In a surprise move, John MacGregor, the Secretary of State for Transport, said during the Second Reading of the Railways Bill that the new track authority, Railtrack, will not, as previously envisaged, remain within BR. Instead, when it starts next April it will be a separate public body, headed by Bob Horton, a BR vice- chairman, and will take over all BR infrastructure and half its 130,000 staff.

If the Government is successful in attracting private companies to run the first seven franchises later that year, BR will be left as a rump whose services will be franchised out gradually over the next decade, which is bound to severely affect staff morale.

The first franchises, which the Government hopes will be set up in 'shadow' form within BR when the Bill becomes law this autumn, include, as expected, three InterCity lines: the east coast main line from King's Cross to Edinburgh and beyond; all the services to the West and Wales out of Paddington; and the Gatwick Express.

InterCity's managing director, Chris Green, said that he was very disappointed the network was not being retained.

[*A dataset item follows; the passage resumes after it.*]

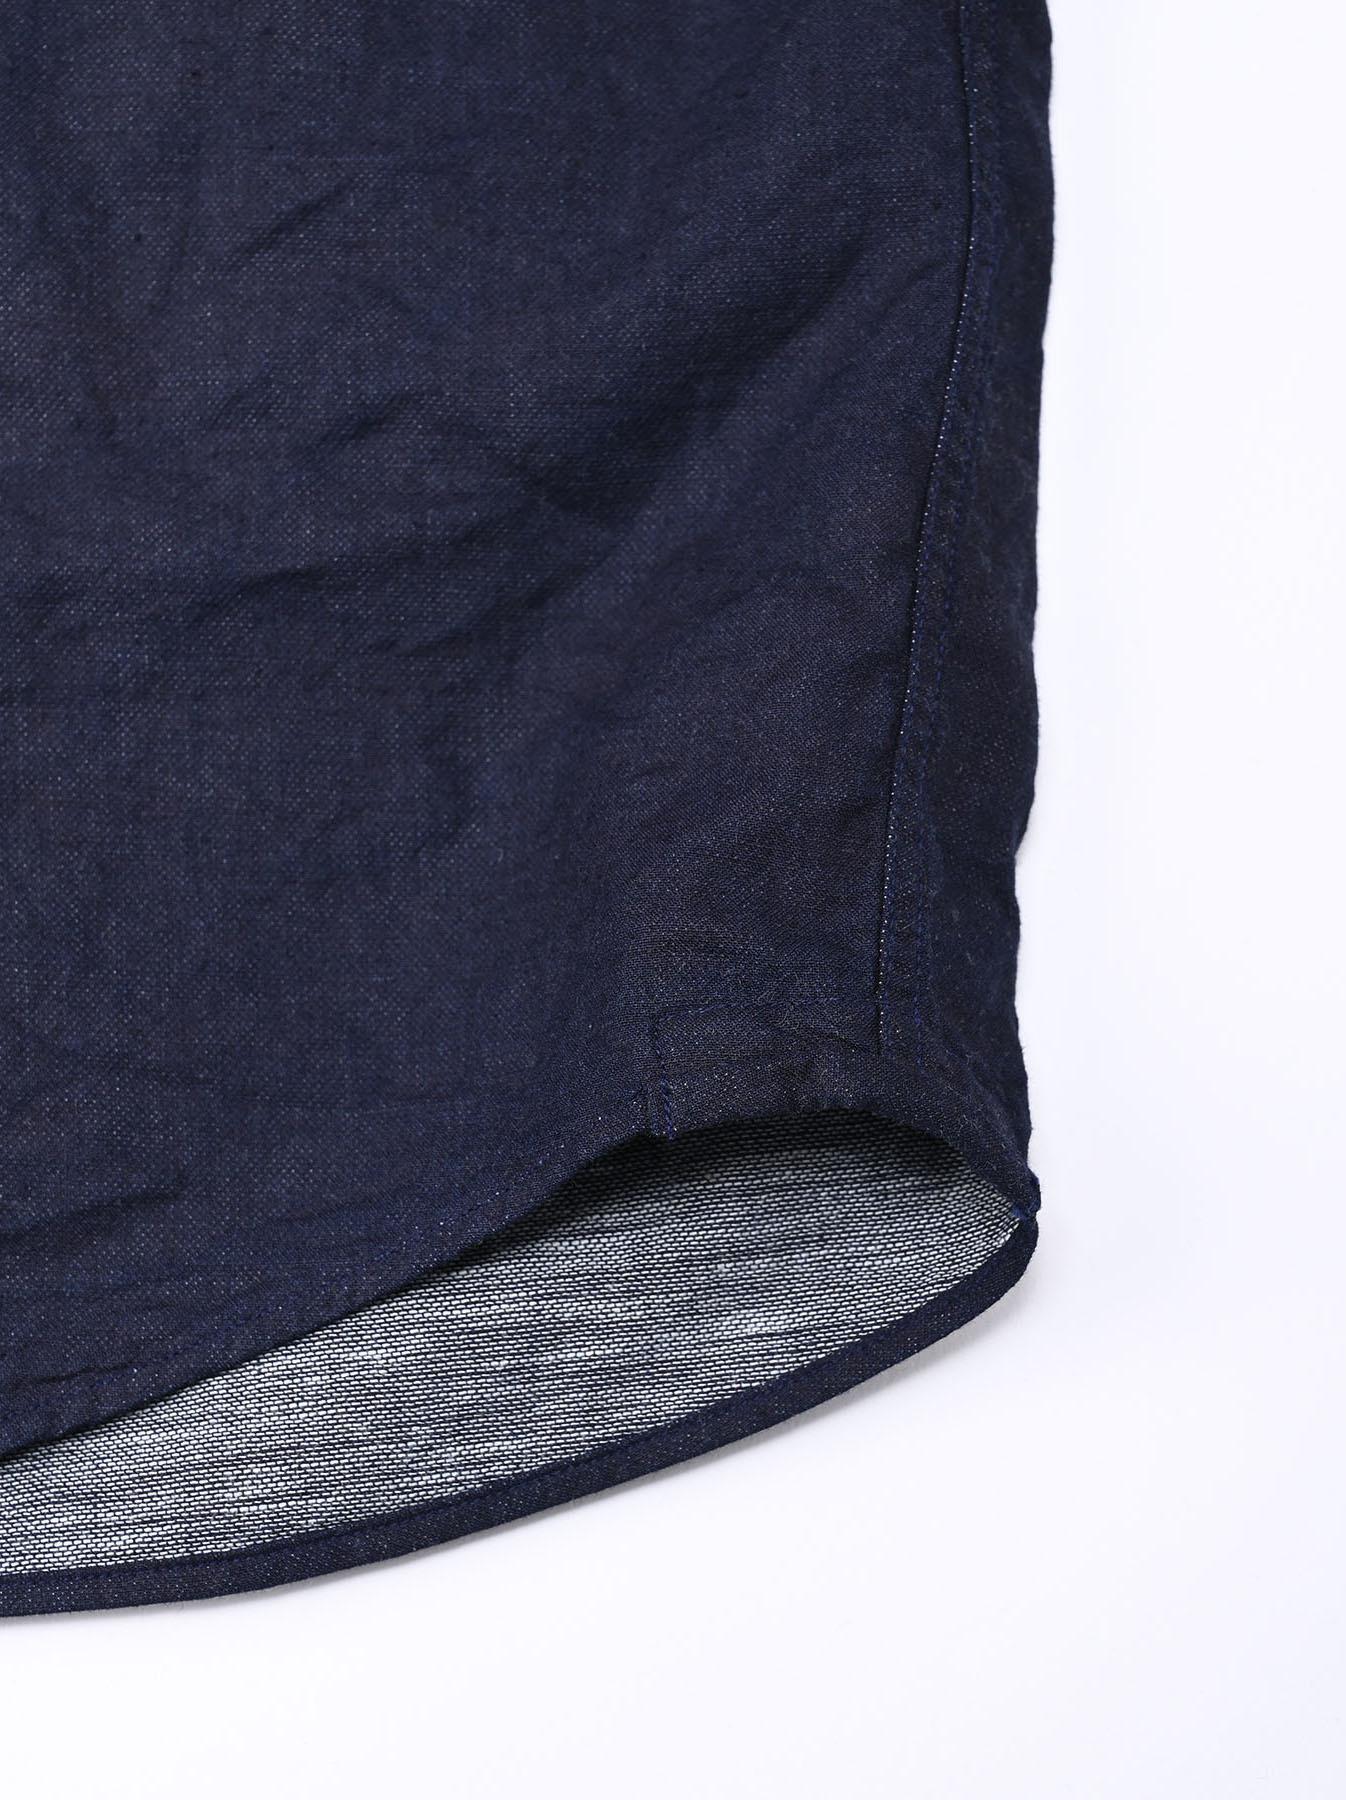 Indigo Gauze 908 Ocean Shirt-10

Other services earmarked in the first wave are the south-west division of Network SouthEast, which includes lines from Waterloo to Exeter, Weymouth, Windsor and Portsmouth, but not the North Downs line earmarked for closure by Sea Containers, a potential bidder; the London, Tilbury and Southend line; ScotRail; and the insignificant Isle of Wight line which runs old London Tube trains. These seven services generate pounds 760m revenue for BR, a third of its total annual income.

Mr MacGregor said all these lines had attracted private sector interest, mostly from management buy-outs.

Despite private sector pressure, the Government is offering only the train operations for franchise - except on the Isle of Wight - with the track remaining with Railtrack. That has disappointed potential operators such as Philip Snowden, managing director of Badger, which may seek the Paddington InterCity franchise.

Other potential operators, such as Richard Branson's Virgin, are disappointed because those franchises are likely to be offered exclusively to one operator, rather than allowing competition. 'We do not want to run the whole east coast main line,' a Virgin spokesman said.

The future of Railcard concessions and cheap fares such as savers, supersavers and Apex is still in doubt. The Government will force operators to accept disabled Railcard holders but it will be up to operators to decide whether pensioners or young people should still be eligible for Railcards.

Equally, there will be no obligation for Network SouthEast cards, allowing cheap off-peak travel in that region, to be continued after privatisation.